__Information shown__:

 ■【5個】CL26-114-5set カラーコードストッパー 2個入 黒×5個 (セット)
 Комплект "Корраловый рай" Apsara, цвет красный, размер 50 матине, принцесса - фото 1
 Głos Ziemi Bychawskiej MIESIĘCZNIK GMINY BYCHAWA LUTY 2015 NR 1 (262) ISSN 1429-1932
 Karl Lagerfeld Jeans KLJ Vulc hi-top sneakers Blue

__What you are asked to do__:
All of the material shown above should be written out exactly.

__Task output__:
 ■【5個】CL26-114-5set カラーコードストッパー 2個入 黒×5個 (セット)
 Комплект "Корраловый рай" Apsara, цвет красный, размер 50 матине, принцесса - фото 1
 Głos Ziemi Bychawskiej MIESIĘCZNIK GMINY BYCHAWA LUTY 2015 NR 1 (262) ISSN 1429-1932
 Karl Lagerfeld Jeans KLJ Vulc hi-top sneakers Blue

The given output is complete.